Is the SEC Coming For “Ripple Stablecoin” Next?

The world of USD-pegged stablecoins is on fire, inching closer to a staggering $165 billion milestone! Fresh faces like Ethena’s USDe and heavyweights like PayPal and Ripple are shaking things up in this fiercely competitive arena. Ripple, especially, is aiming for the stars, foreseeing a jaw-dropping $2.8 trillion market by 2028. While Ripple sees stablecoins as a vast opportunity for crypto, the SEC finds it as a future violation of security law.  

What’s driving SEC’s move? Let’s find out. 

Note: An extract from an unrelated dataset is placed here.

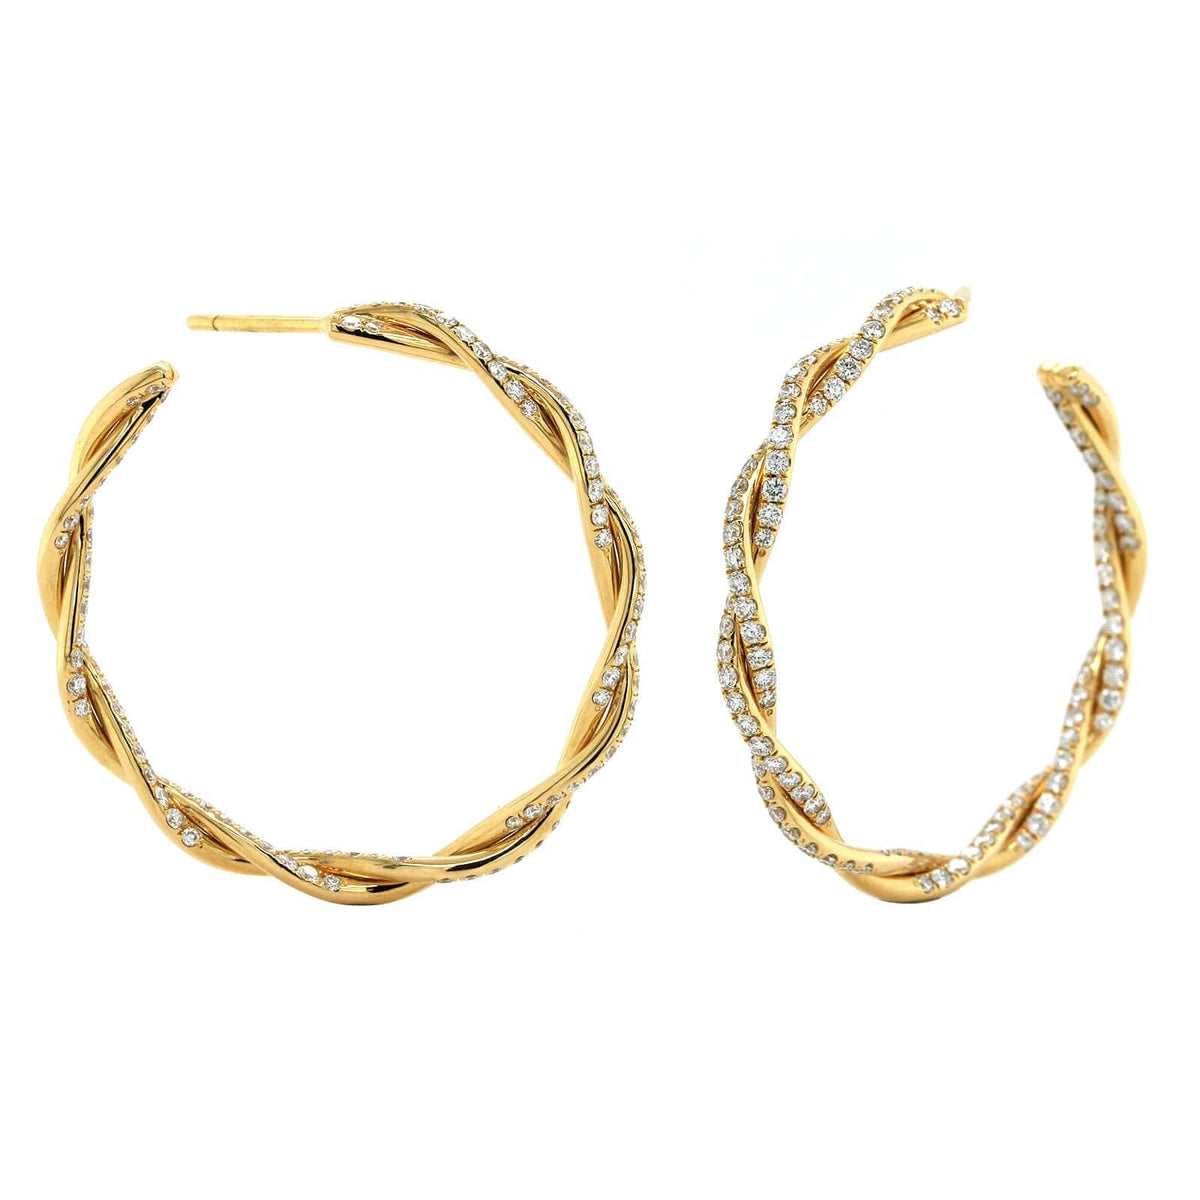 18K Yellow Gold Twist Diamond Hoop Earrings, Long's Jewelers

SEC’s Took a Jab at Ripple’s Stablecoins

Interestingly, Ripple’s stablecoin project finds itself under the SEC’s radar even before its official launch. In their recent filing, the SEC reiterated the status of stablecoin as an “unregistered crypto asset.” The SEC’s argument revolves around Ripple’s history of selling unregistered XRP, suggesting potential future violations of U.S. securities laws. Their scrutiny extends to Ripple’s forthcoming stablecoin, which is characterized as another unregistered crypto asset.

Ripple had announced its dollar-backed cryptocurrency in early April, touting it as an “enterprise-grade” stablecoin set to operate on both the XRP Ledger and Ethereum, aiming to marry traditional finance with the crypto space. According to Ripple’s CTO David Schwartz, the stablecoin’s name will be revealed in June.

Ripple Responded to the Controversy

In response to the SEC’s concerns about potential future violations of U.S. securities laws, Ripple argues that it has obtained licenses from various jurisdictions, including some that don’t classify XRP sales as securities sales. However, the SEC dismisses this argument as absurd, likening it to a New York restaurant claiming it doesn’t need a liquor license because it obtained a fishing license in California.

The legal battle inches closer to conclusion, with the SEC pushing for a permanent injunction due to Ripple’s heavy reliance on selling XRP to On-Demand Liquidity (ODL) customers.

In a prior ruling, U.S. District Court Judge Analisa Torres found Ripple guilty of violating security laws through direct sales of XRP to institutional investors. The SEC accuses Ripple of attempting to rehash arguments from summary judgments. They advocate for a substantial penalty to deter future violations, asserting that a mere $10 million, as proposed by Ripple, wouldn’t suffice. They argue that penalties should align with ill-gotten gains, as is customary in court.

Responding to the SEC’s stance, Ripple’s top lawyer, Stuart Alderoty, expresses optimism about nearing resolution by this year if both parties stick to the deadlines. He criticizes the SEC for what he perceives as a misapplication of the law but acknowledges progress toward closure in the lawsuit.